Education Director at the Rohr Chabad Center at Binghamton University

In an enigmatic passage the Talmud (Kidushin 31a-b) states: “It is possible for a son to serve his father a pasyoni (a delectable bird) and be punished for it. And for another son to put his father to work at a grindstone and be brought for this to the World to come.” Rashi explains: In the first case, the father asks his son where did you get this delicacy, and the son replies: “What do you care old man? Chew and eat!” While in the second scenario, when the king recruited the elderly father to work, the son said: “You stay here and grind and I will go in your place …” 

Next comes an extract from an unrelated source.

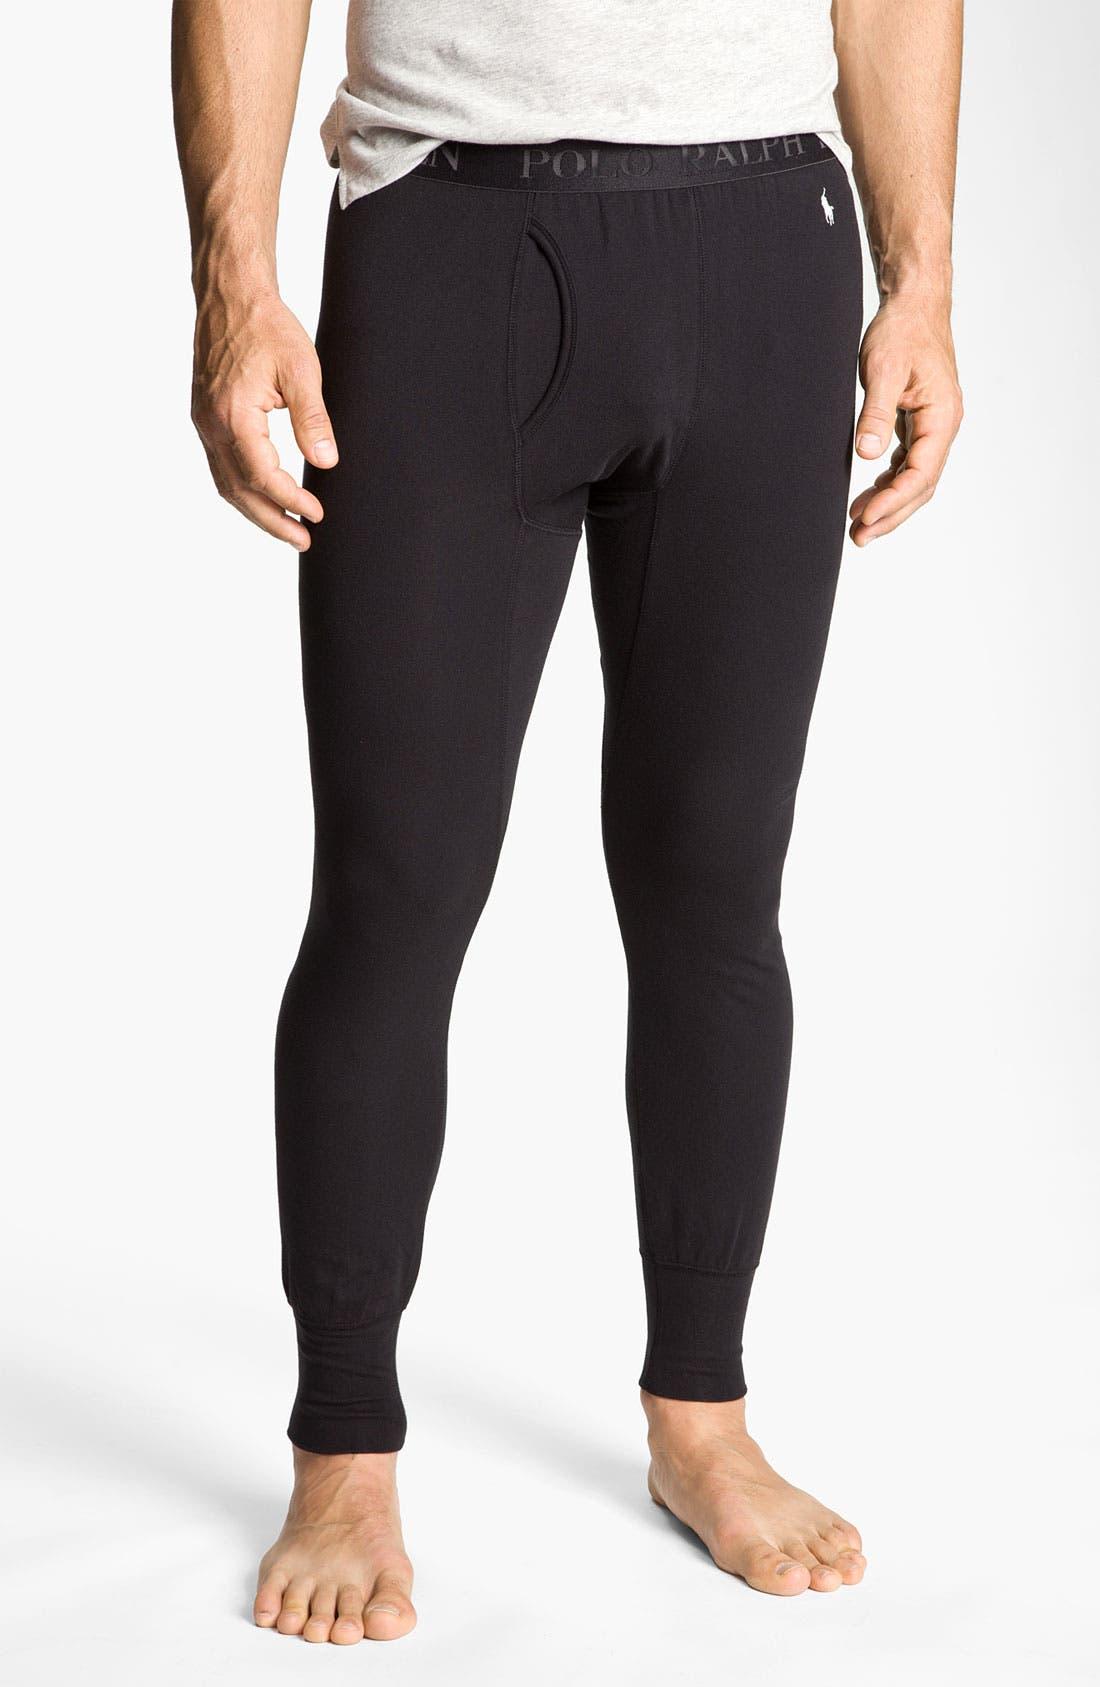 Alternate Image 1 Selected - Polo Ralph Lauren Stretch Cotton Long Underwear
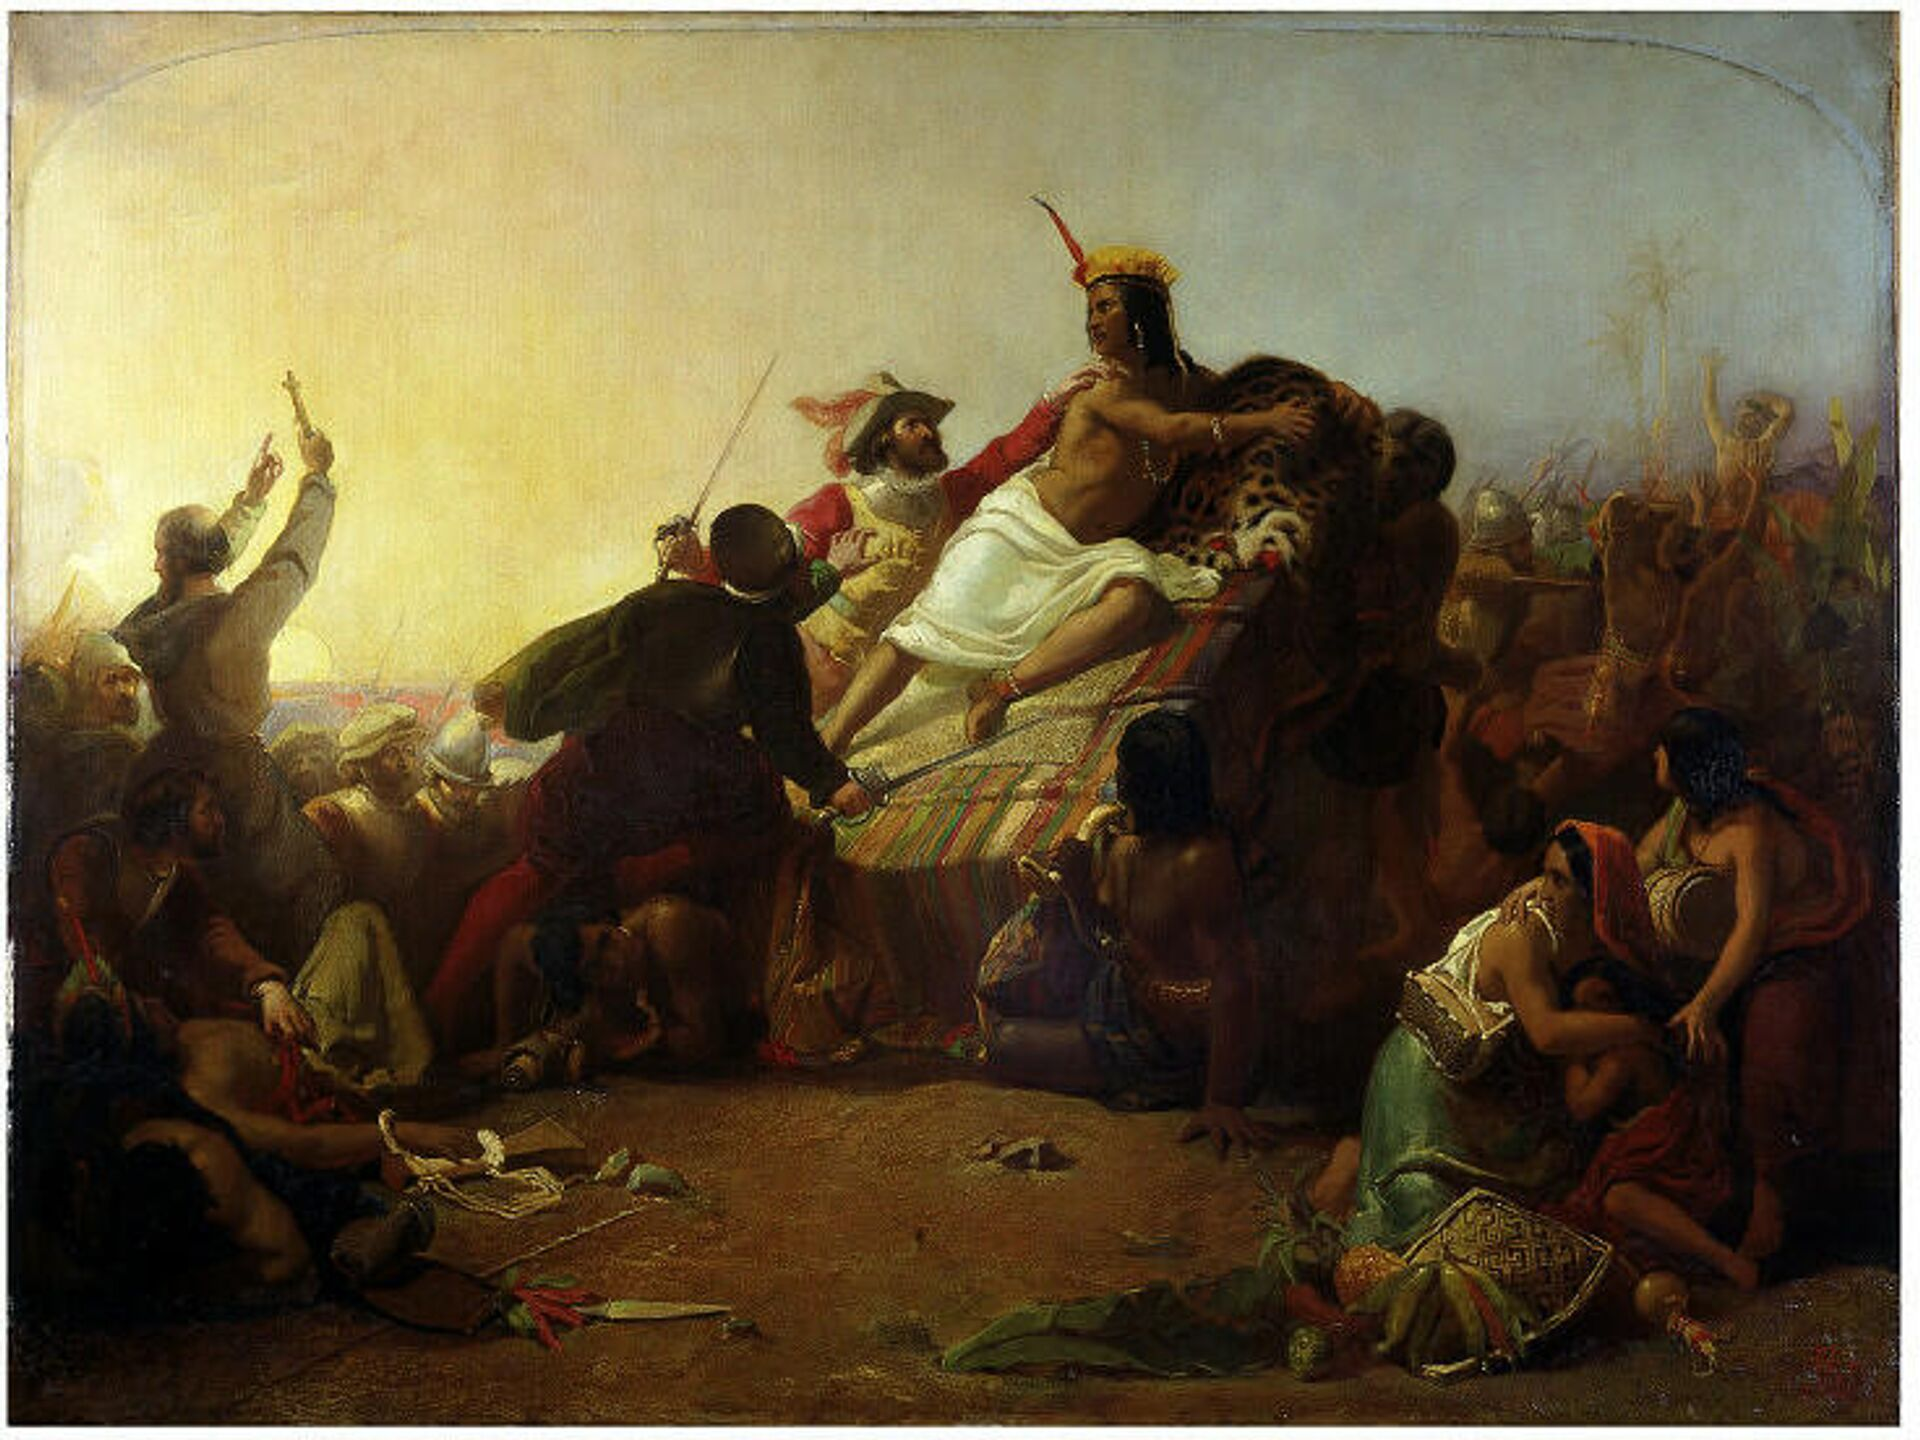 Картина Писарро берёт в плен Инку Атауальпу (1845) - ПРОФИ Новости, 1920, 23.07.2021

Simply put, context is pivotal. The value and meaning of what we do flows from why and how we do it. On the words: you rebelled … you acted wickedly … the Or Hachayaim Hakodosh comments: “You did not alight the mountain (to enter Canaan) in a show of faith in God, to rectify your previous sin of not hearkening on to the Divine command to go into the Land and conquer it. You went up in defiance, without humility, without seeking to redress your previous behavior. When God told you yes, you said no, and now when God says no, you say yes, we WILL go up.” 

It is not our actions alone but the intention that distinguishes the pedestrian from the mundane. It is tethering ourselves to the transcendent that makes the difference between going up and falling down.